Do multiple models point in the same direction? That direction has broad intellectual support. Do supporting and challenging models contradict each other sharply? The tension between them is where the real decision lives.

Weight the Questions

The questions are often more valuable than the stances. A good Oracle question is one you have not asked yourself. If a question makes you uncomfortable or uncertain, that is a signal to dig deeper.

Use the Roles as Structure

The three-role classification gives you a natural decision-making process:

  1. Read the synthesis for the overall framework.
  2. Understand the supporting models: what structural logic argues for this?
  3. Engage with the challenging models: what could go wrong, and what are you missing?
  4. Apply the process models: how should you gather information and structure your analysis?

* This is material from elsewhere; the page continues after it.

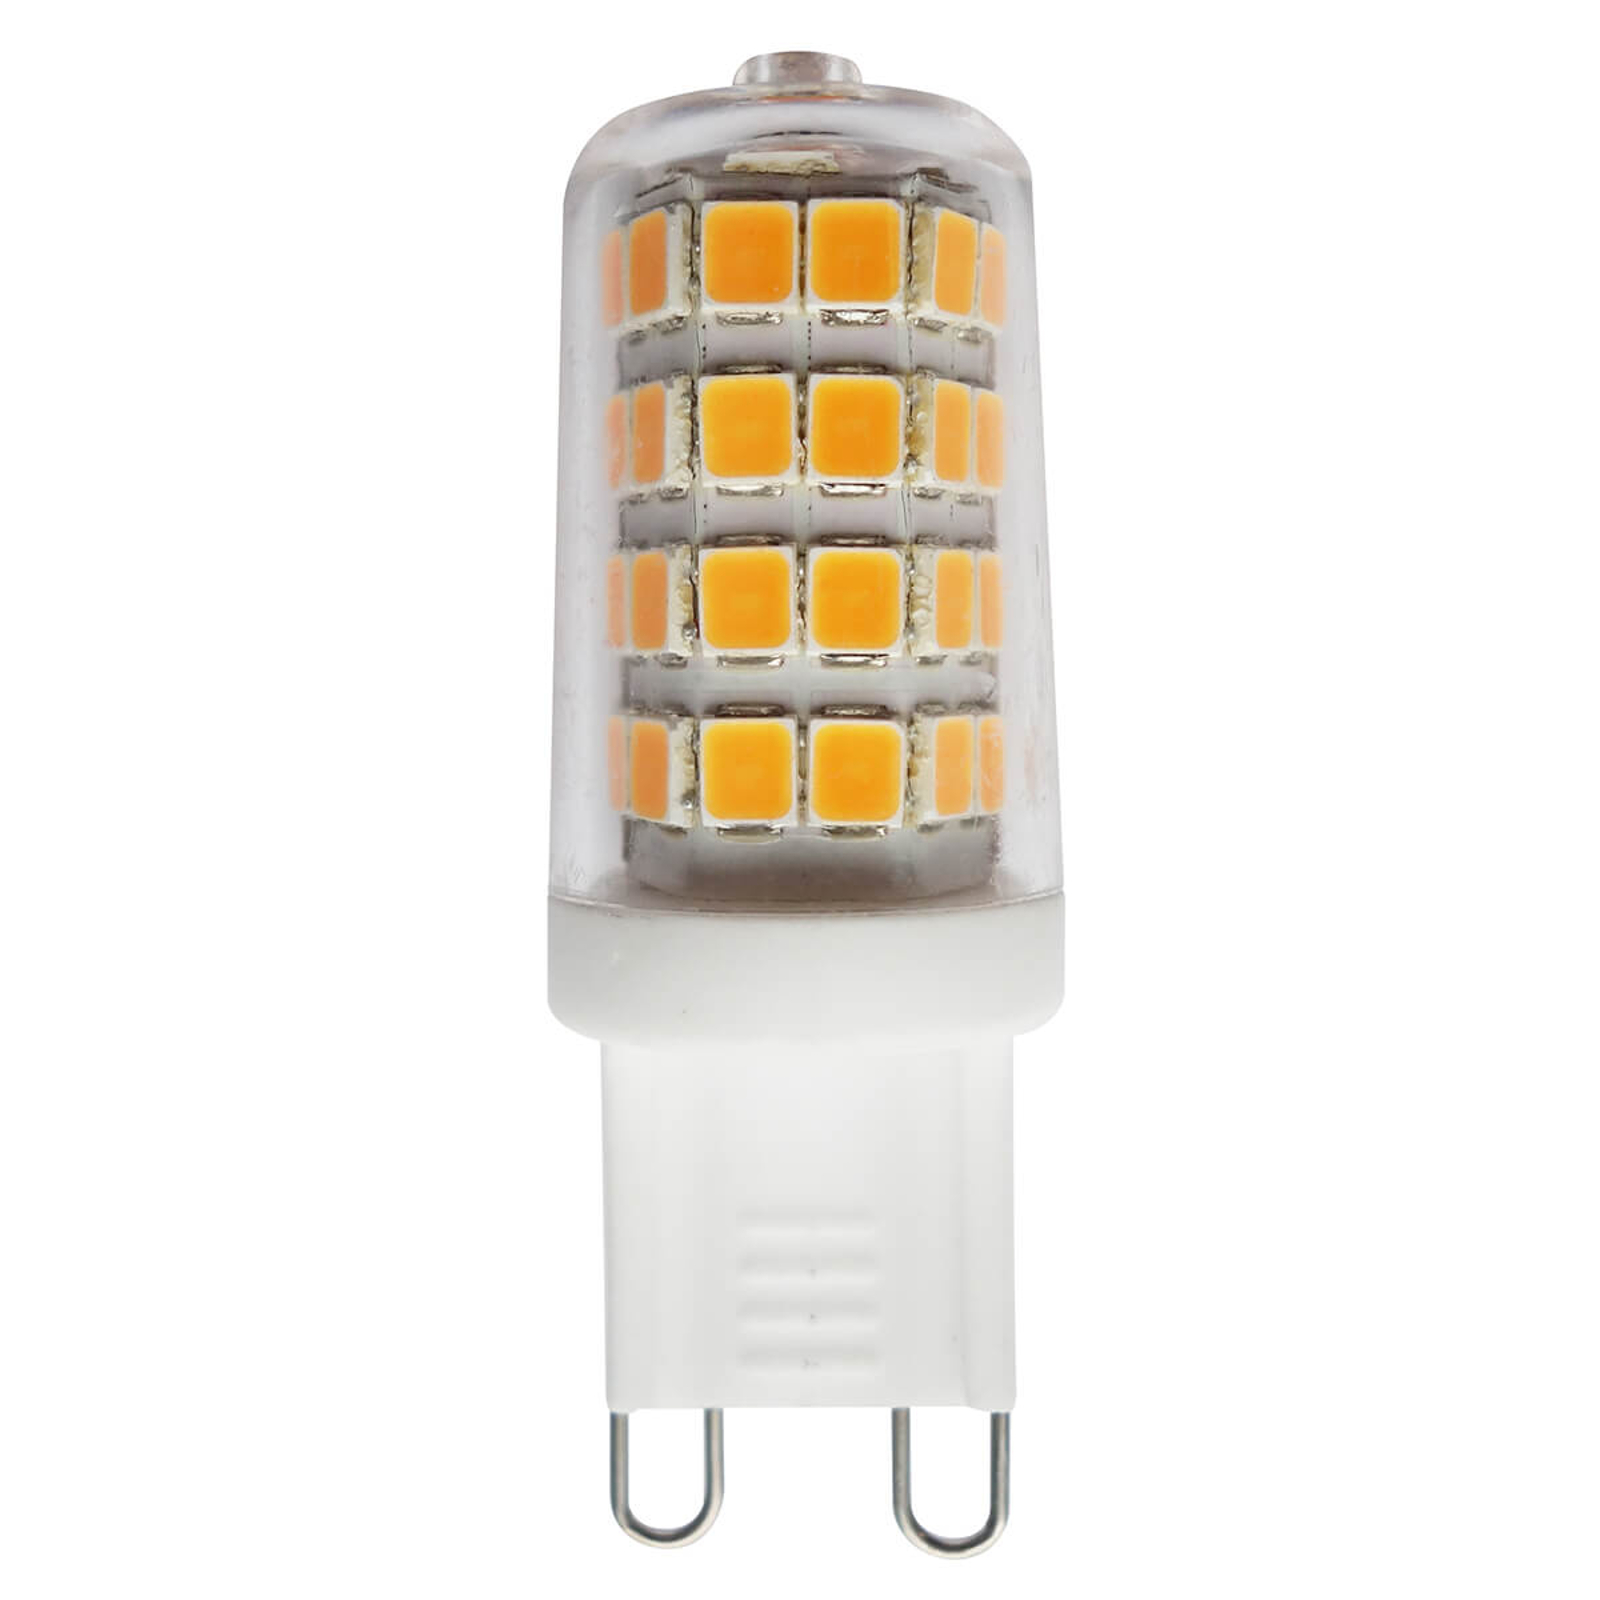 G9 3 W 827 LED bi-pin bulb, clear_6520263_1

This sequence forces balanced thinking. Most people skip step 3 naturally (it is uncomfortable to seek out challenges to your preferred direction). The Oracle makes it unavoidable.


Limitations

The Oracle is a tool, not an authority. Its limitations include:

  • No external knowledge: The Oracle reasons only from the 700 models in the Lattice dataset. It does not search the web, access current news, or know about your specific industry.
  • Summary-based reasoning: The model descriptions are brief summaries. Claude reasons about their applicability based on these, not full textbook chapters.
  • Two-pass selection: The 15 models are selected through a two-pass process (shortlist 25 from 700, then deep-analyze 25 to pick 15). While this is more thorough than single-shot, there is no iterative refinement beyond these two passes.
  • No personalization: The Oracle does not learn from your previous queries or adapt to your decision-making style.

These limitations are by design. The Oracle is meant to broaden your thinking, not replace it. It surfaces frameworks you might not have considered, structures them by role, and gives you pointed questions to drive your own analysis.